## Brief
Transcribe every line below exactly; no image goes into the output.

## Data section
□ □ □ □ □
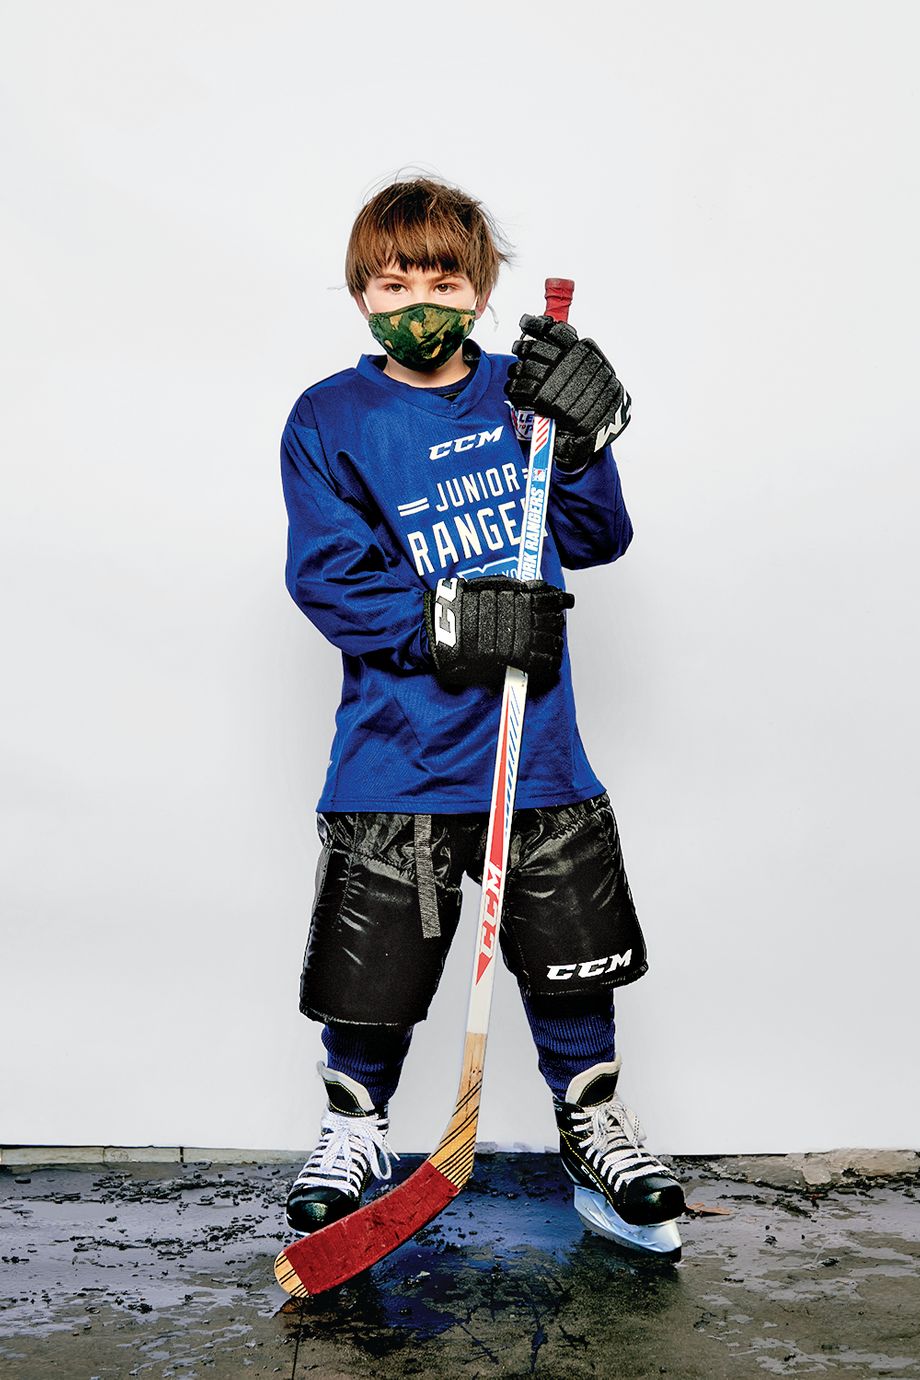 Photos: Junior Rangers Hockey Practice at Prospect Park
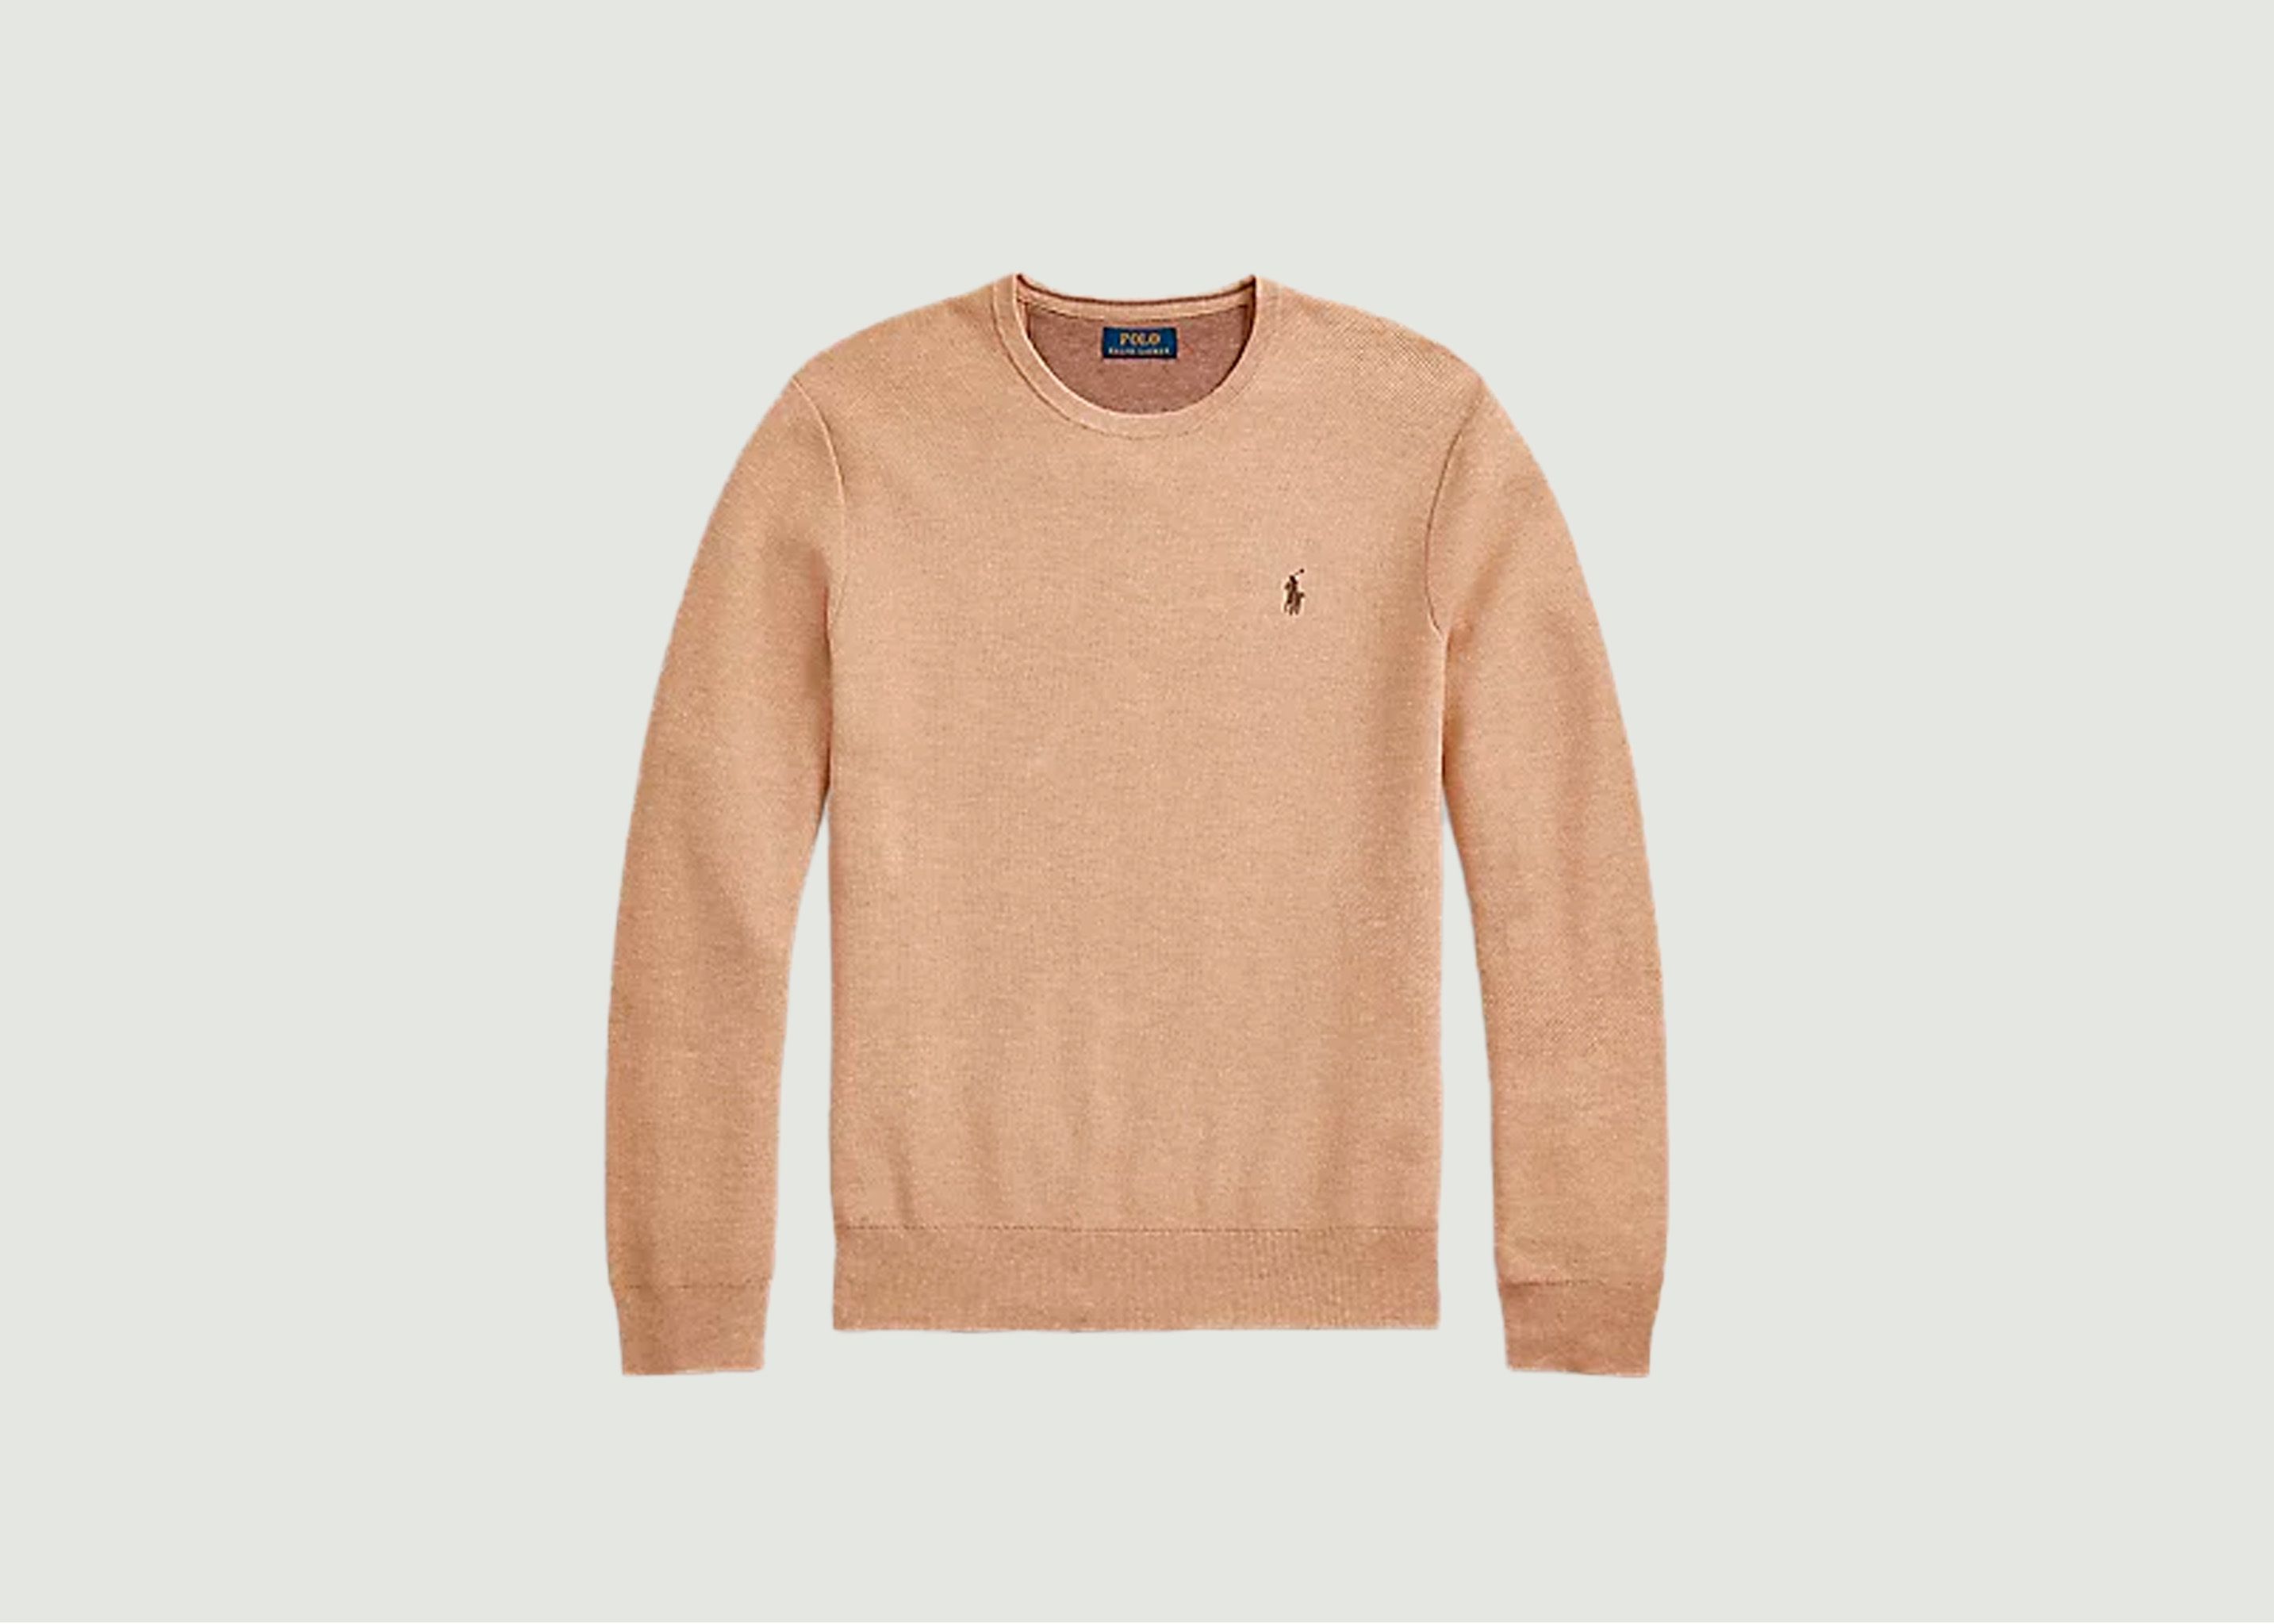 Cotton Sweater - Polo Ralph Lauren
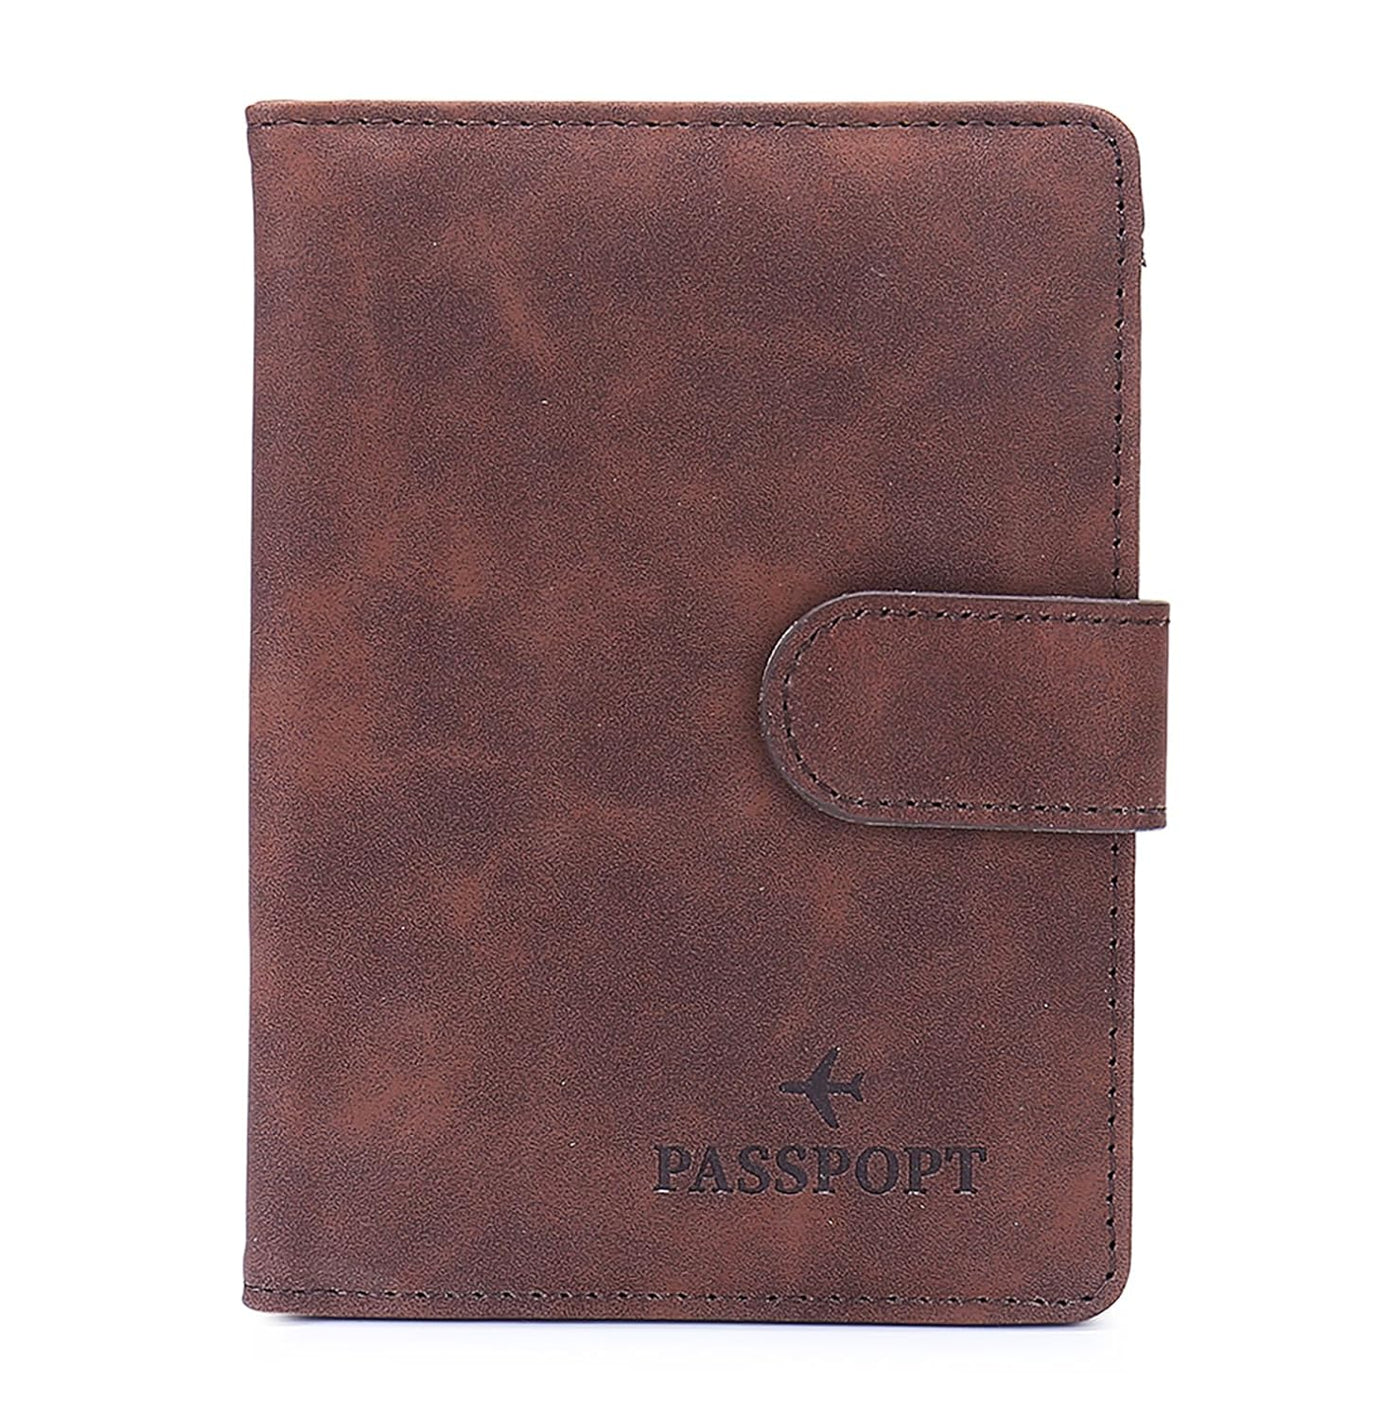 Passport Holder Cover
□ □ □ □ □
## Exercise result
 Photos: Junior Rangers Hockey Practice at Prospect Park
 Cotton Sweater - Polo Ralph Lauren
 Passport Holder Cover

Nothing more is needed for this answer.